#### [The task]
Strip the pictures and reproduce the rest of the listing exactly.

───── Supplied information

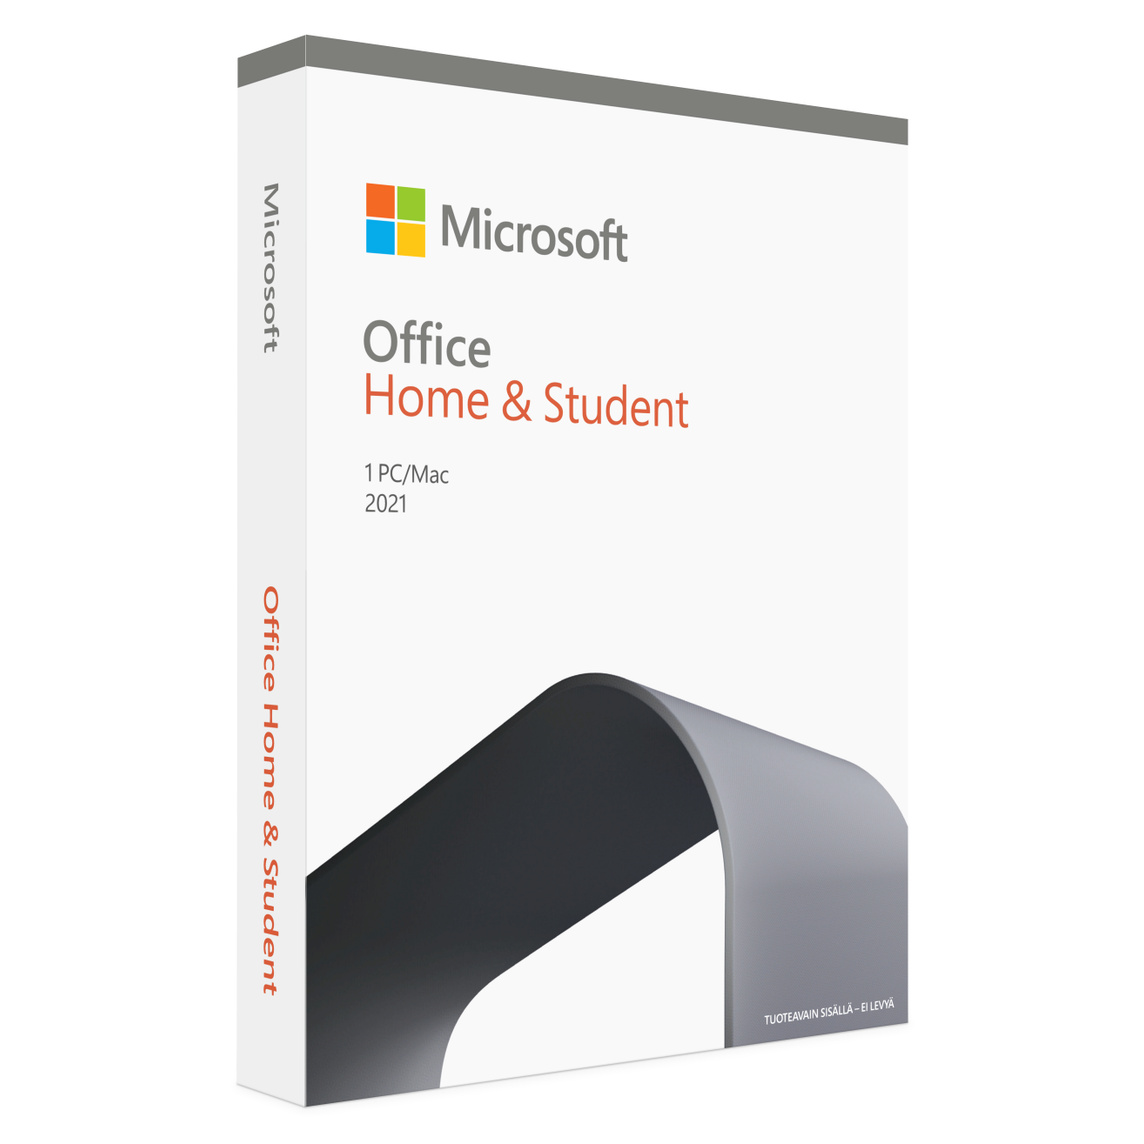 Microsoft Office Home and Student 2021 tarjoaa perinteiset Office-apit ja sähköpostin perheille ja opiskelijoille, jotka käyttävät yhtä Macia.
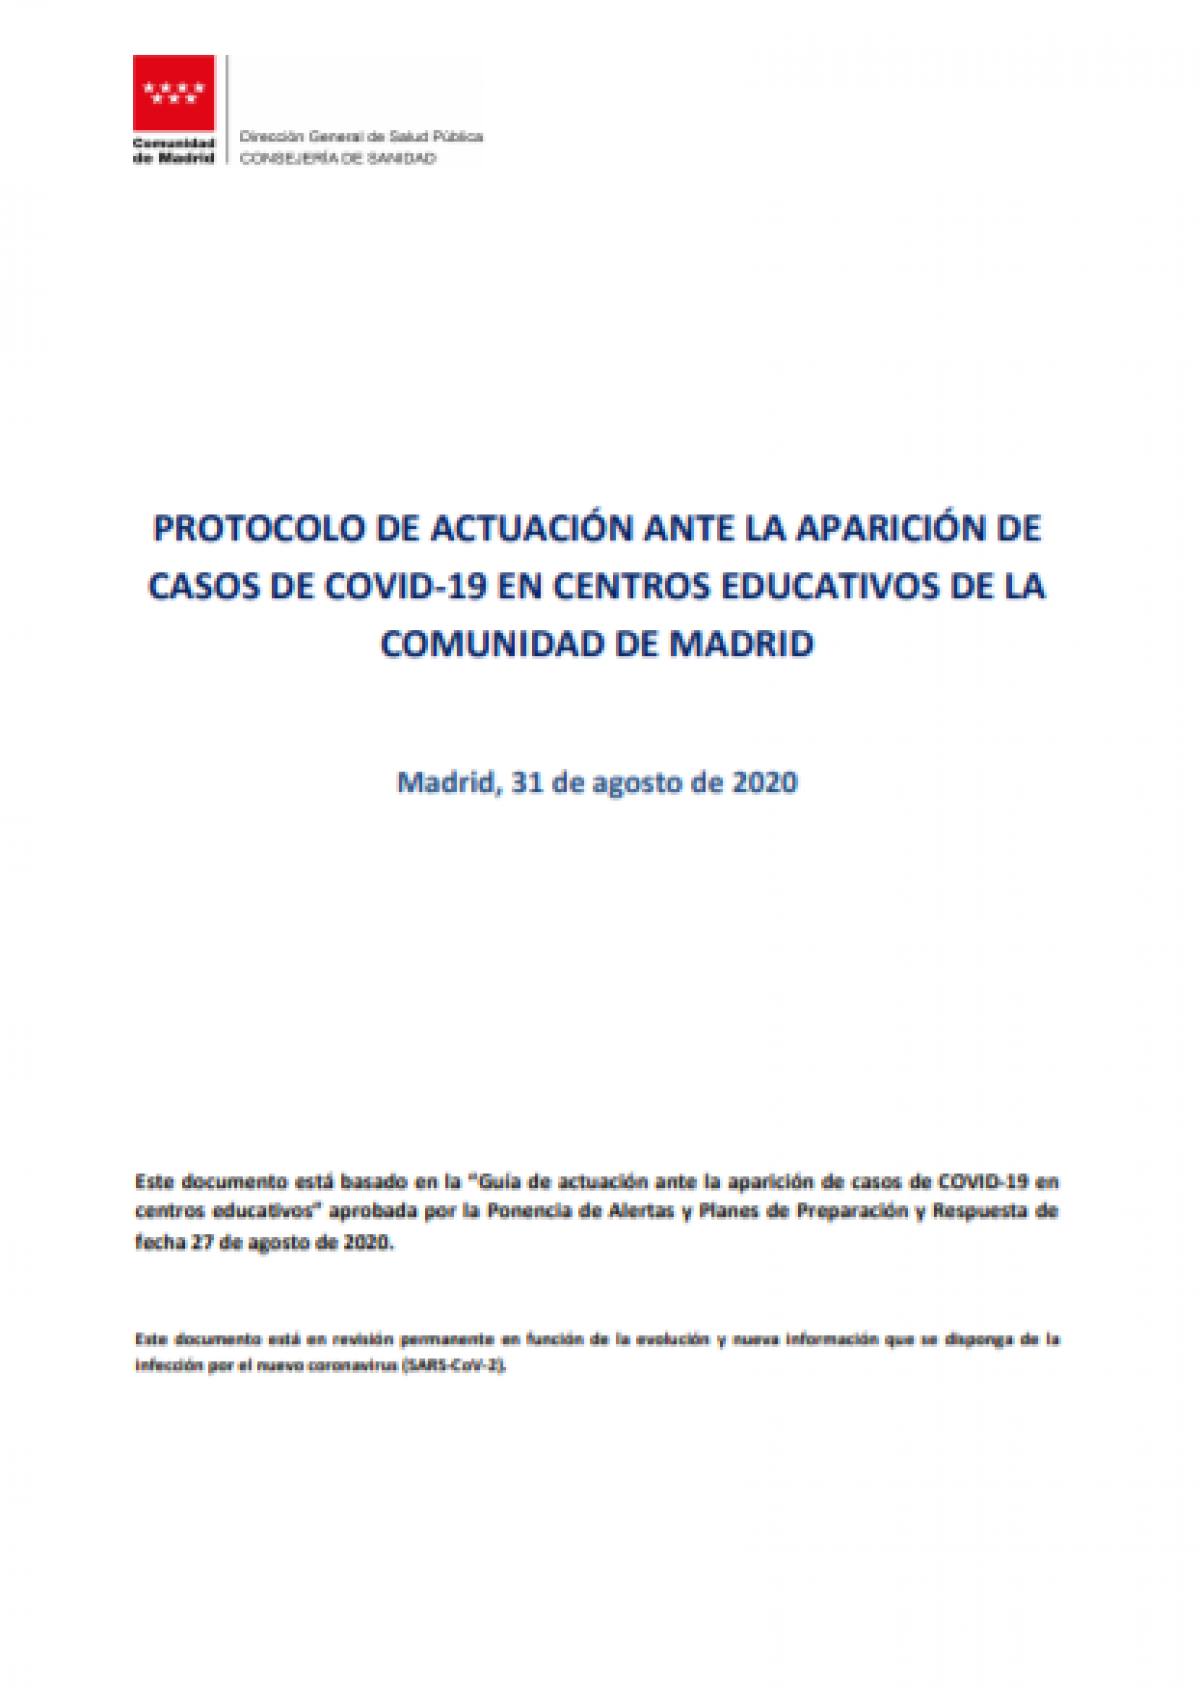 PROTOCOLO DE ACTUACIN ANTE LA APARICIN DE CASOS DE COVID-19 EN CENTROS EDUCATIVOS DE LA COMUNIDAD DE MADRID
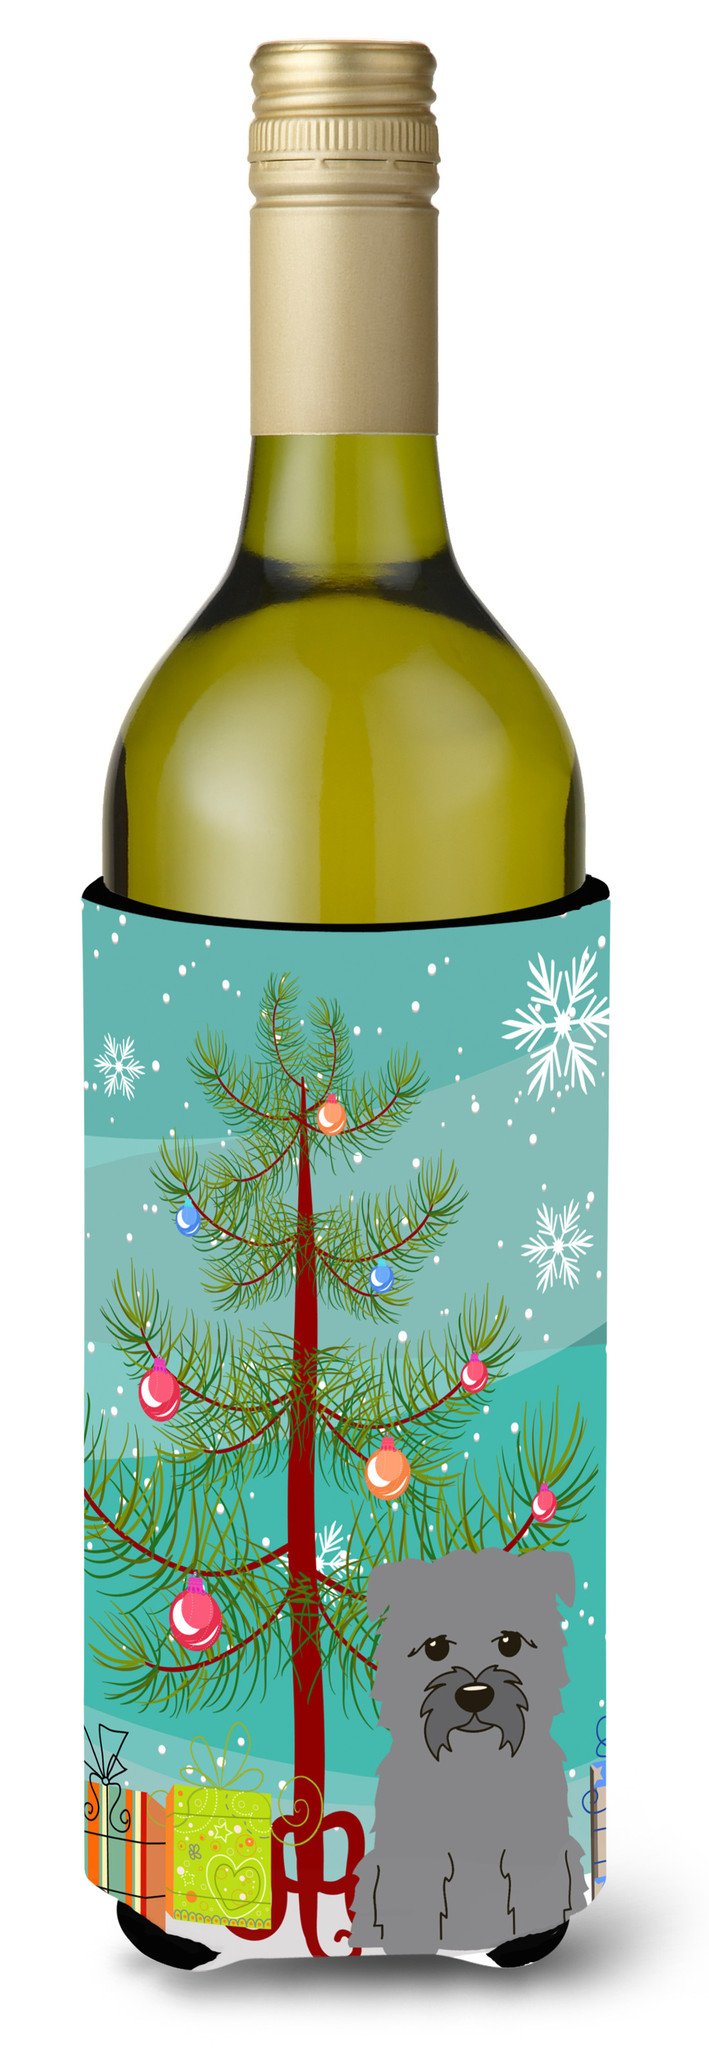 Merry Christmas Tree Glen of Imal Grey Wine Bottle Beverge Insulator Hugger BB4184LITERK by Caroline's Treasures
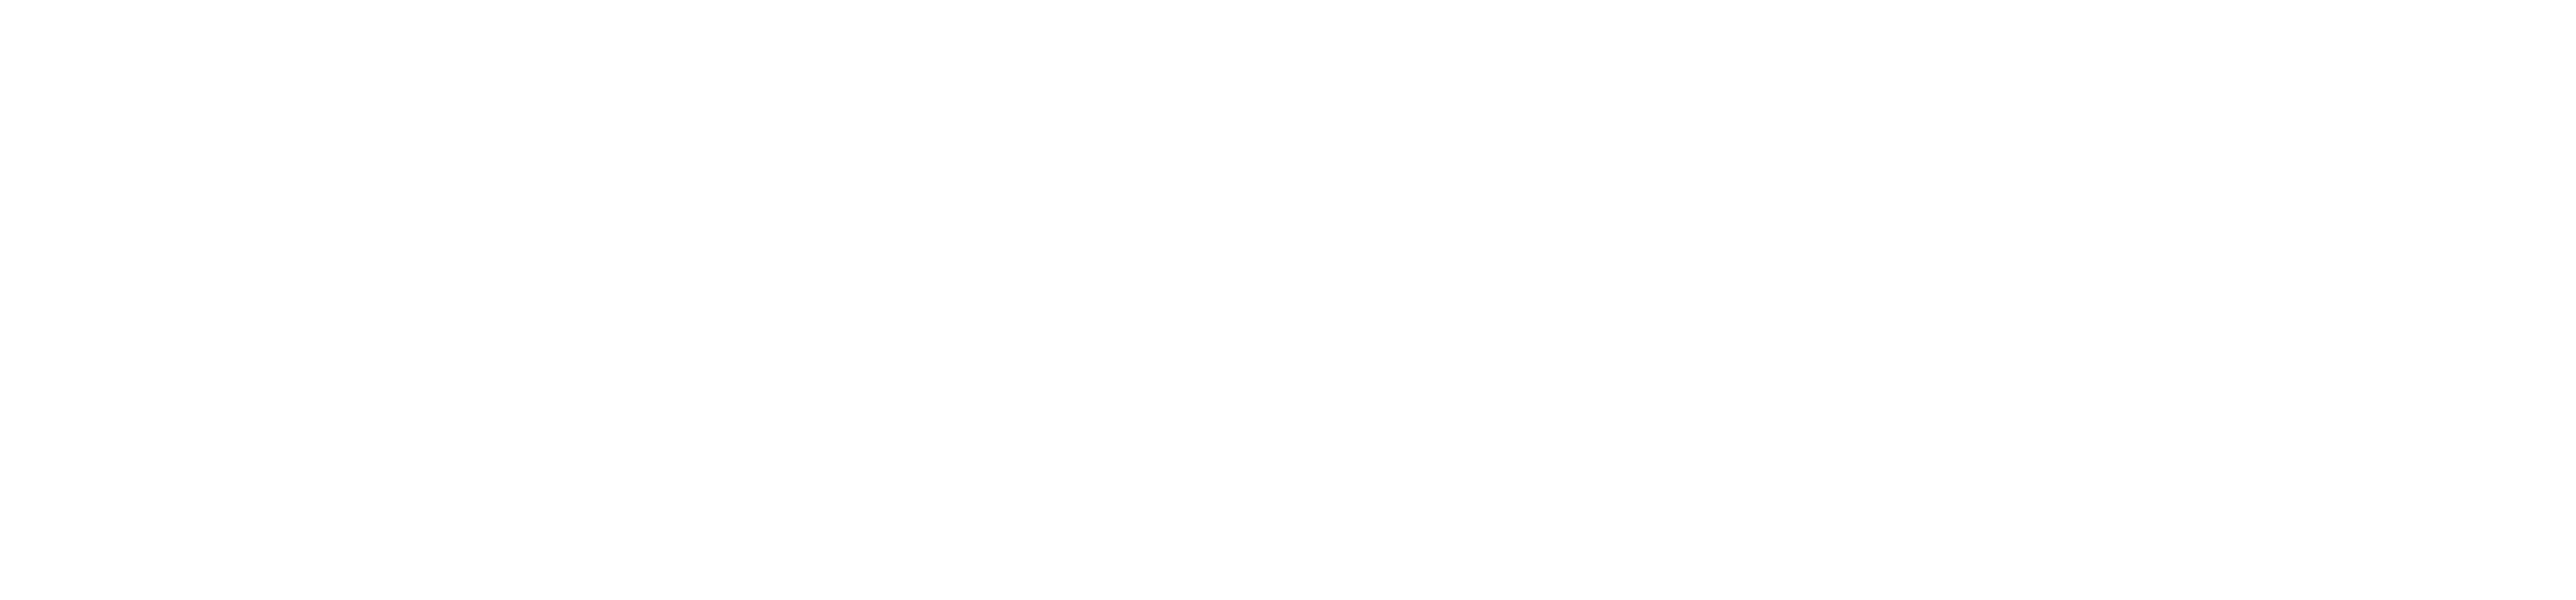 La Calle Del Fantasma - Calligraphy Clipart (3186x1071), Png Download

──────────

#### [Result of the exercise]
 Microsoft Office Home and Student 2021 tarjoaa perinteiset Office-apit ja sähköpostin perheille ja opiskelijoille, jotka käyttävät yhtä Macia.
 PROTOCOLO DE ACTUACIN ANTE LA APARICIN DE CASOS DE COVID-19 EN CENTROS EDUCATIVOS DE LA COMUNIDAD DE MADRID
 Merry Christmas Tree Glen of Imal Grey Wine Bottle Beverge Insulator Hugger BB4184LITERK by Caroline's Treasures
 La Calle Del Fantasma - Calligraphy Clipart (3186x1071), Png Download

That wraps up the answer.